Putnam also throws in some comments on Chomsky and Fodor’s
views about evolution but it is entirely unclear what any of the (misnamed) innateness
controversy has to do with evolution. As regards lexical acquisition, for
example, Fodor is not against our conceptual repertoire changing over time, he
is against it changing by induction/learning over time.
Sorry to have gone on so long. Putnam’s remarks are not new,
as he himself points out. It seems, however, that his current views miss the
mark as much today as they did when first advanced them. The more things change…
Here
is a second paper on referentially ready minds. The paper is in Nature and two of the authors should be
well known to linguists. It makes, to my mind, the modest point that kids are
ready to take language as an indicator of referential intent when accompanied
by other behavior (e.g. eye gaze). It seems that even very young kinds show
indications of thinking that language use goes hand in hand with referential
intent.
One question I had is what I am supposed to take away form
this?

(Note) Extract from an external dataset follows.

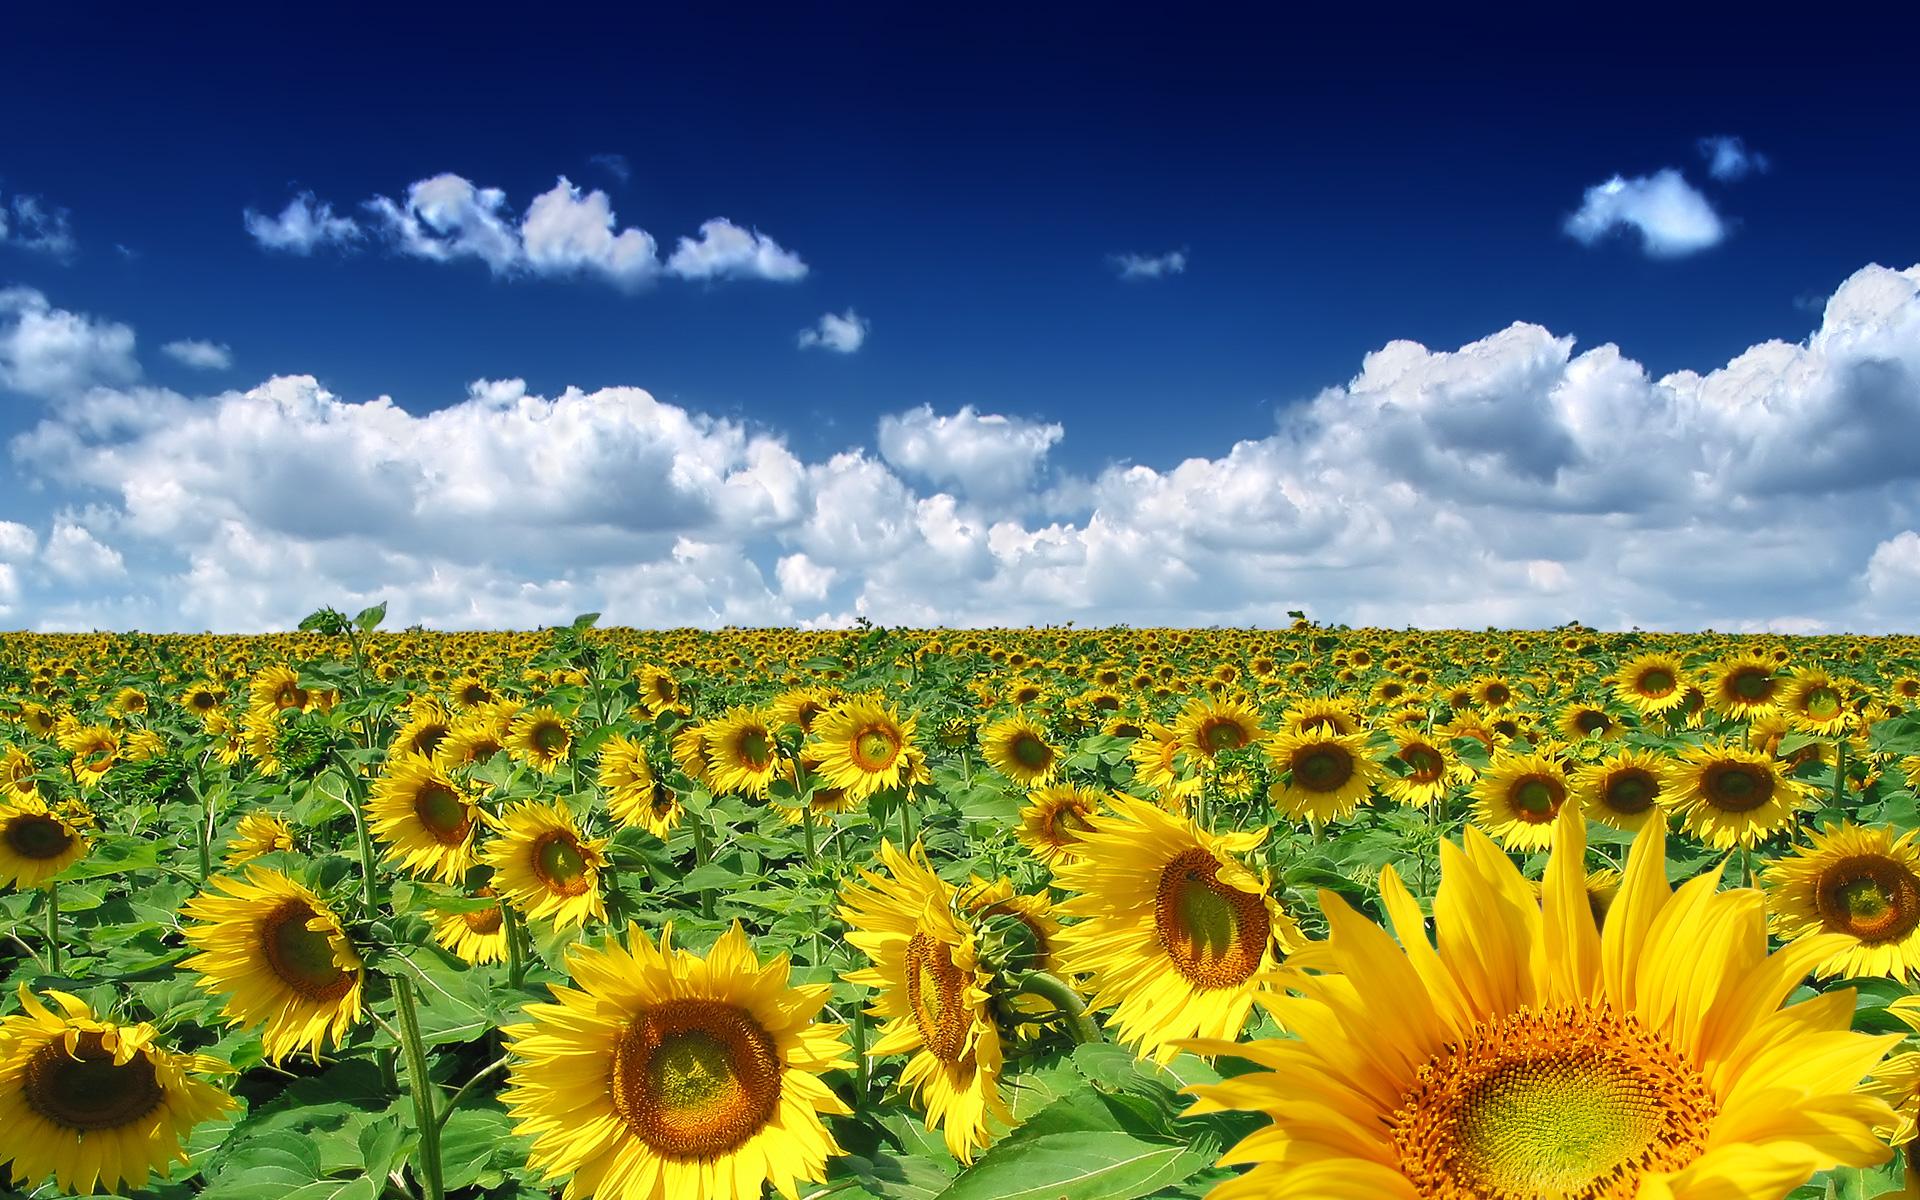 summer sunflowers andrea - photo #28

What does it tell us about acquisition? Is the suggestion that
establishing referential value is an important factor in language acquisition?
If so, how big a factor? Bigger than distributional analysis? Is being
reference ready a critical pre-condition for language acquisition? Is the
supposition that reference is what meaning consists in (if so, see Chomsky’s
relevant remarks on this topic linked to above). I am not sure. So, let me ask
you: what’s the take home message here and why is what the paper argued for important?

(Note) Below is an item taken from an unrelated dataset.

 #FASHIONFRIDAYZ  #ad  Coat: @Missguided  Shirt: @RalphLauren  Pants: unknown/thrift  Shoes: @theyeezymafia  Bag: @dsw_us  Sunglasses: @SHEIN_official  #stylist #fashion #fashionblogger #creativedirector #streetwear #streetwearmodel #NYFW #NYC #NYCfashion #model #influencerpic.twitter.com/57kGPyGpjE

BTW, this is a sincere question: what’s the overall take home message? That
language can be used referentially and that kids come natively equipped to
believe this? Or is there something more going on here?
Thanks for the link to the Nature paper, which I will make use of in my Language Acquisition class.
ReplyDeleteMy reading of the paper is somewhat different. I think the (external) referential part of the picture is secondary. The main message, if I understand it correctly, is that social cues alone are not sufficient for language acquisition, and it must be coupled with linguistic input---hence the forward vs. backward speech comparison, which is especially pertinent because the Mehler group has done the defining work on the identification of speech via prosodic tracking, precisely by contrasting forward vs. backward speech.
There has been an overarching theme in recent child language literature to the effect that if the baby got the social/communicative part right, language acquisition would follow. (Not difficult to come up with counterexamples for specific studies and overblown conclusions, although presumably these type of cues are presumably useful.) This paper shows that that's not enough, and language/speech is special after all, even if we look at just a subcomponent of word learning, i.e., finding potential referents in the external world.
Thx. A question: the results seemed to track latency rather than capacity. So one got the referntaility in all cases, just faster with the forward language cue. This suggests that language adds something, but not that it enables what is otherwise absent. Does this matter?
DeleteJust to note that the second paper appeared not in Nature but in Scientific Reports, the new open access author-pays mega-journal modelled on PLOS ONE that is owned by Nature publishing group. It's easy to be thrown off by the url.